景扶搀着她躺回床上,小心为她掖好被角,坐在床沿上,弯腰在她的额上亲吻,柔声哄道:“睡吧。”
叶姮从被子里伸出手来,轻轻握住他的手掌,“阿末,我想亲自调查安信王的死因,你允了我可好?”
他沉默了一会儿,勾唇,笑得宠溺,“好。”
她欣喜,将他的手指一根根掰开,以自己的五指从间隙当中穿插过去,然后弯曲,与他十指紧扣,安心地闭上眼睛。
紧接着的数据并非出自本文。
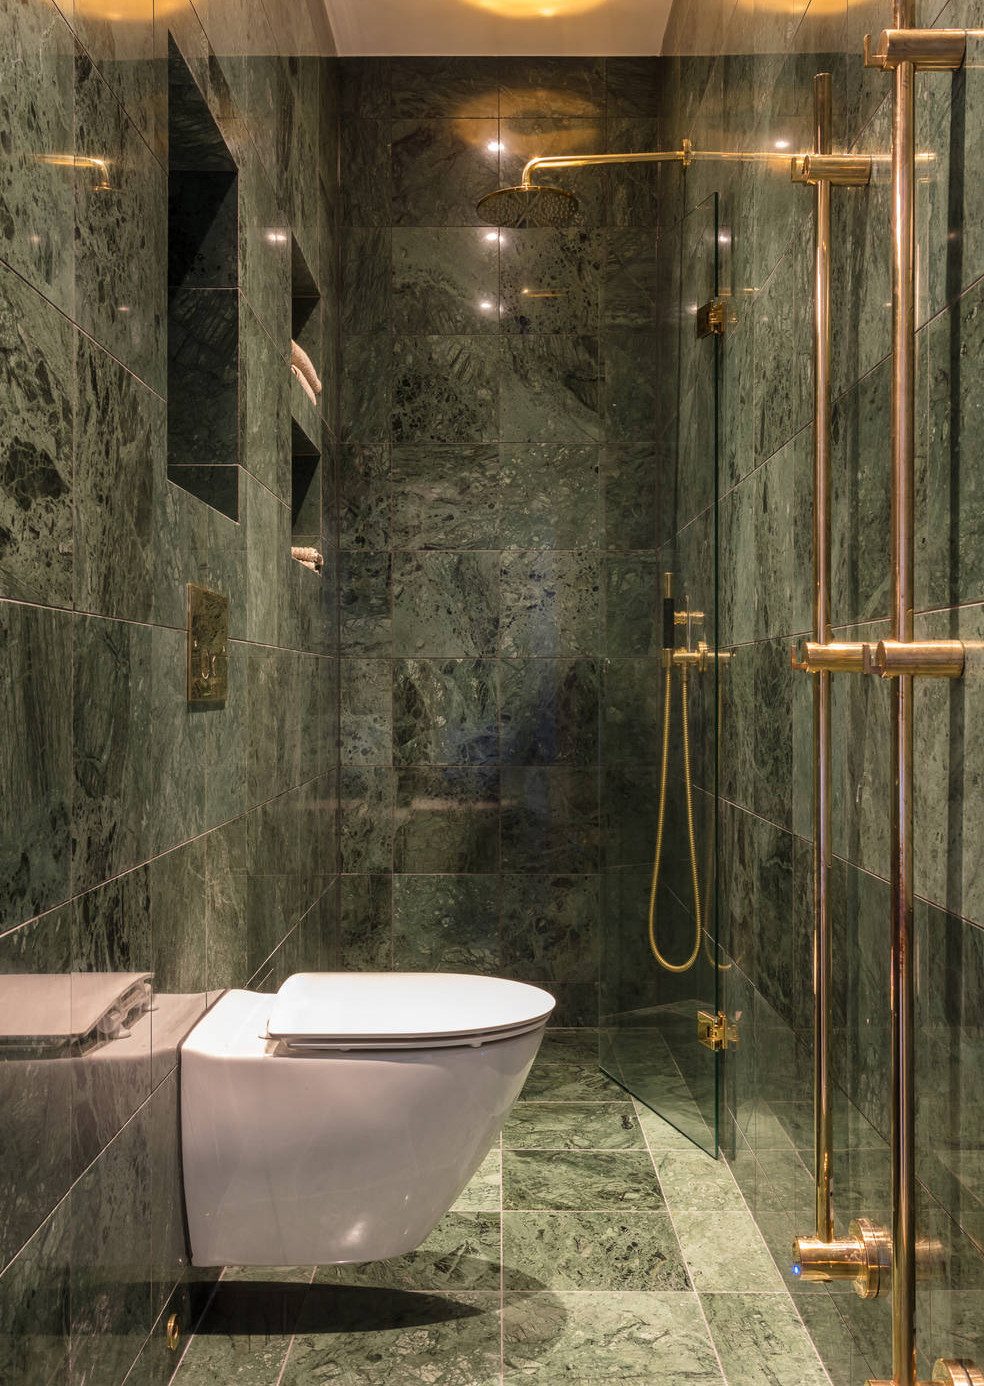 Spiksplinternieuw Kleine smalle badkamer in groen marmer | Inrichting-huis.com ZX-48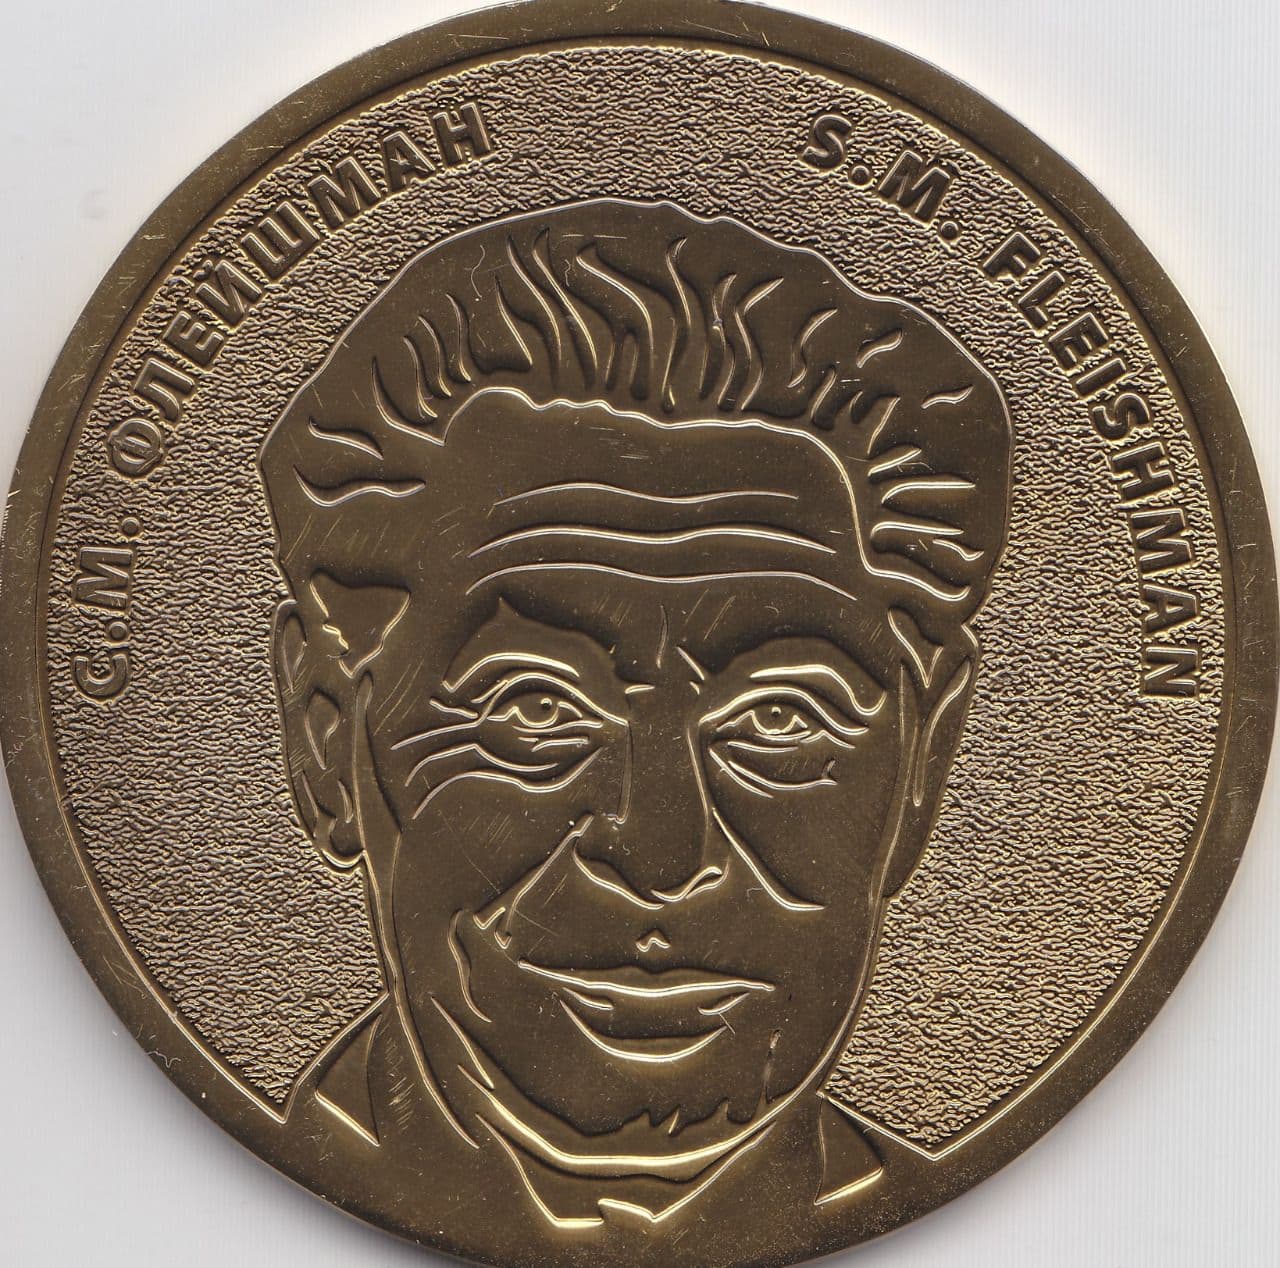 Ученые Казгидромета получили высокую оценку Селевой ассоциации – медаль Флейшмана

唇角忍不住地微扬,进宫以来一直隐隐慌张迷茫的心,此刻,充斥满了甜蜜与安定。
翌日,叶姮醒来,景扶已经不在身旁。
她怔怔地望着空荡荡的手掌,怅然若失。
柳絮端着热水进来,看到的,便是自家小姐对着自己的手掌发呆的落寞一幕,不由好笑:“小姐,皇上可不像小姐整日无所事事,皇上政事繁忙,每日一大早可是都要上早朝的。”
被这丫头揶揄,叶姮也不恼,只是唇角一弯,情不自禁地笑了。
“笑得可真甜蜜。”柳絮将热毛巾拧干,递给叶姮,“小姐不打算告诉奴婢,您与皇上是何时认识的?”
叶姮用毛巾擦着手臂,“你昨晚都听到了些什么?”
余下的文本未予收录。